The prospective study looked at a gene called MGMT in tumours removed from 833 glioblastoma patients. It showed that when the gene promoter is altered by a chemical change called methylation, patients respond better to treatment.
"We show that MGMT methylation represents a new genetic test that can predict clinical outcomes in glioblastoma patients who have been treated with radiation combined with the chemotherapeutic drug temozolomide," says co-author Dr. Arnab Chakravarti, chair and professor of Radiation Oncology and co-director of the brain tumour program at the Ohio State University Comprehensive Cancer Centre - Arthur G. James Comprehensive Cancer Centre and Richard J. Solove Research Institute (OSUCCC - James).
"Clearly, all glioblastomas are not the same. Rather, they are a collection of different molecular and genetic entities that behave uniquely and require personalised treatment," says Chakravarti, who is the translational-research study chair for the study.
Principal investigator Dr. Mark Gilbert, professor of neuro-oncology at M.D. Anderson Cancer Centre, will present the research June 5, 2011, at the 2011 American Society of Clinical Oncology annual meeting in Chicago. It comes from a prospective international phase III clinical trial sponsored by the Radiation Therapy Oncology Group (RTOG).
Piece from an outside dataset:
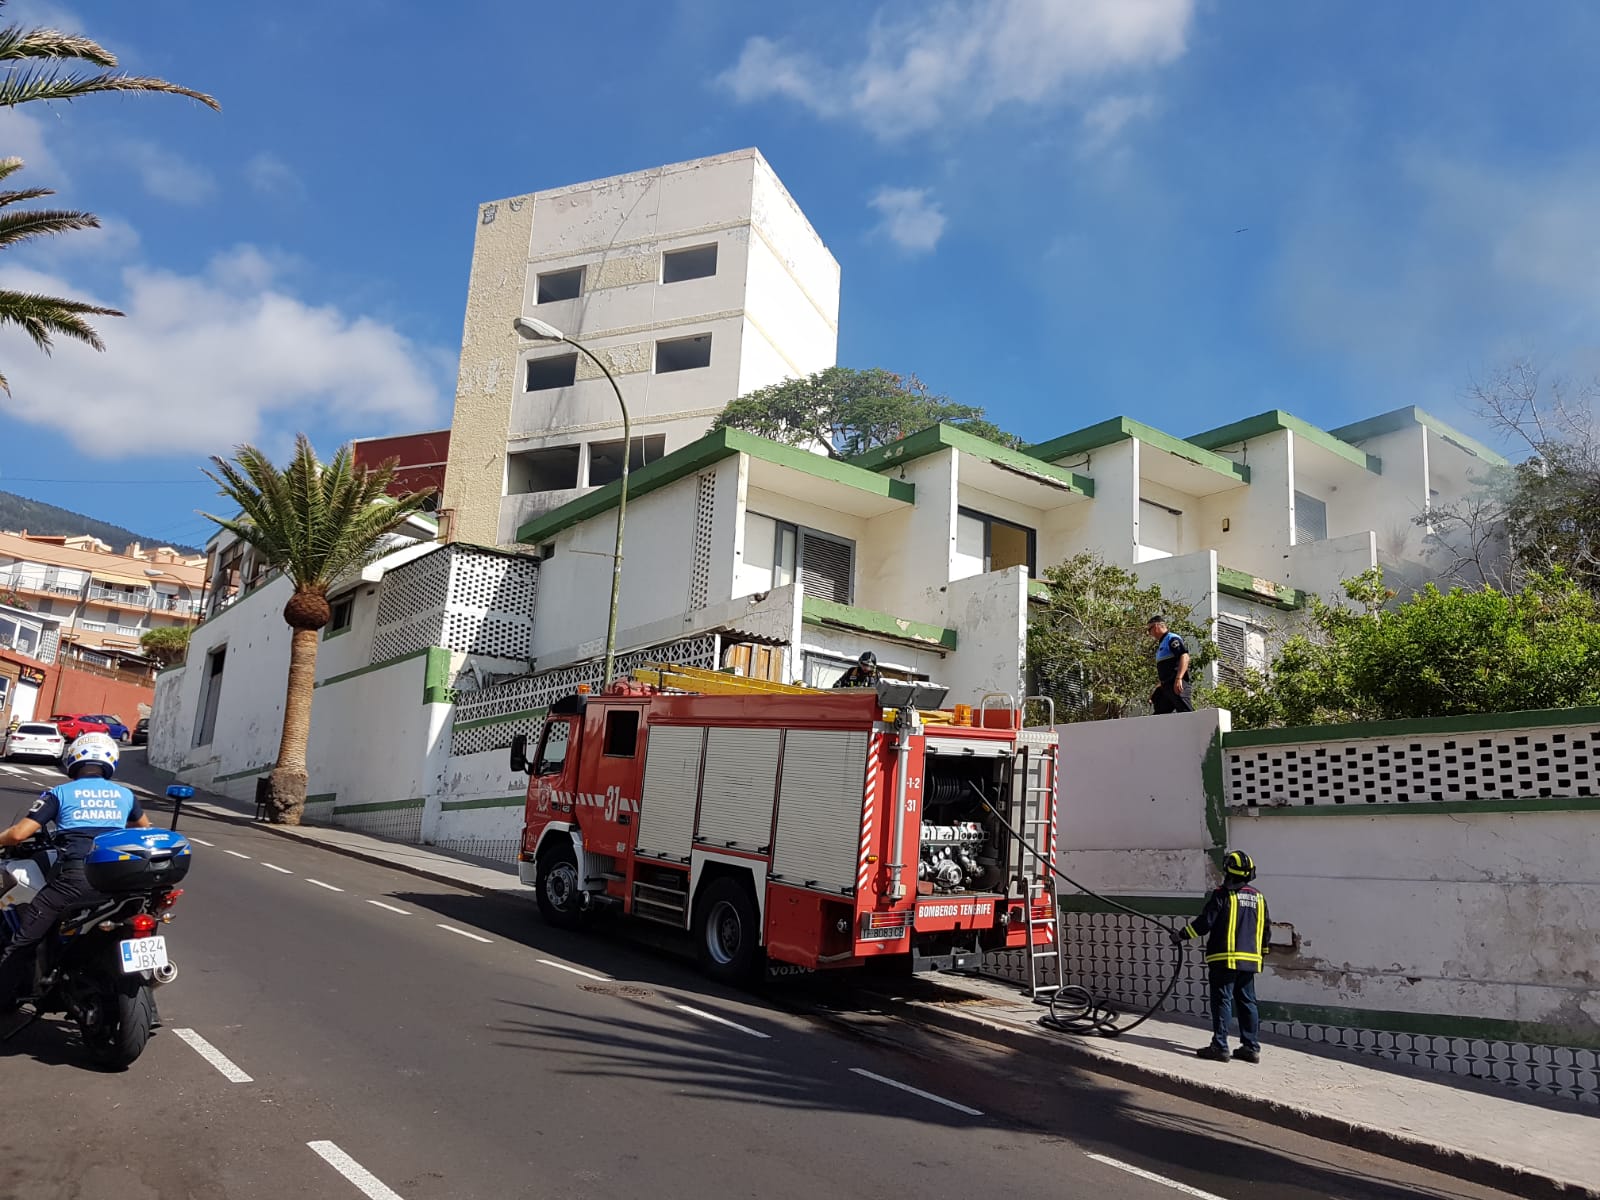 Wieder Feuer auf dem Gelände des verlassenen Hotels “Tenerife Tour” in Candelaria
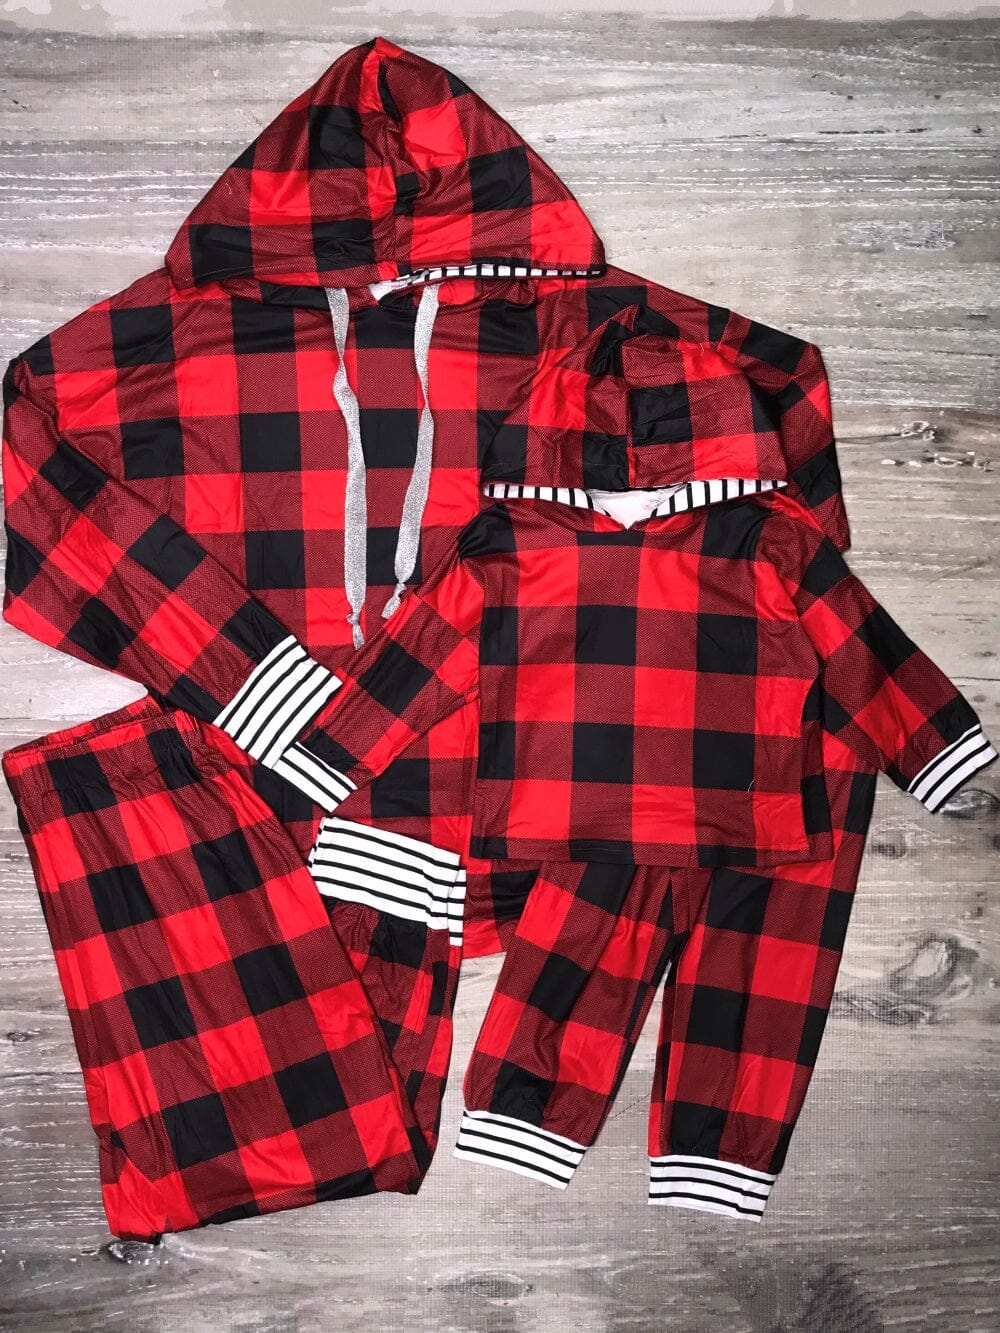 Moose Tartan Plaid Matching Family Pajamas Girl/Boy 2T

"Our study confirms the prognostic significance of MGMT gene methylation and demonstrates the feasibility of prospective tumour-tissue collection, molecular stratification and collection of patient outcomes in a large transatlantic intergroup trial," Gilbert says.
A tentative indication that MGMT methylation status might have prognostic importance emerged from an earlier retrospective study sponsored by the European Organisation for Research and Treatment of Cancer (EORTC).
The current study (RTOG 0525) validates that finding. Patients with tumours carrying the methylated gene had an overall survival of 21 months versus 14 months for those with the unmethylated gene. The difference in progression-free survival - the period after treatment during which cancer does not worsen - was 8.7 months and 5.7 months for methylated versus unmethylated tumours respectively. The narrow difference, Chakravarti says, indicates that patients with the methylated gene had slower growing tumours.
About 18 500 new cases of glioblastoma multiforme are expected annually in the US, and 12 760 Americans are expected to die of the disease. Symptoms often include headache, seizures and motor or sensory changes. A brain scan detects the tumour. After a surgeon removes the tumour, it can be tested for MGMT methylation.
"Patients with the methylated gene could receive the standard treatment, radiation therapy plus the chemotherapeutic drug temozolomide," Chakravarti says. "Those with an unmethylated gene might receive an experimental treatment through a clinical trial."
Research is now needed, he says, to learn whether MGMT contributes directly to tumour aggressiveness, or whether it is just an indicator of other changes that cause tumour aggressiveness. "If the gene itself helps cause aggressive disease, MGMT or related DNA repair pathways might be important targets for novel therapies," Chakravarti says.
Funding from the National Cancer Institute supported this research.
The Ohio State University Comprehensive Cancer Centre - Arthur G. James Cancer Hospital and Richard J. Solove Research Institute (http://cancer.osu.edu) is one of only 40 Comprehensive Cancer Centres in the United States designated by the National Cancer Institute. Ranked by US News & World Report among the top cancer hospitals in the nation, The James is the 205-bed adult patient-care component of the cancer program at The Ohio State University. The OSUCCC-James is one of only seven programs in the country funded by the NCI to conduct both Phase I and Phase II clinical trials.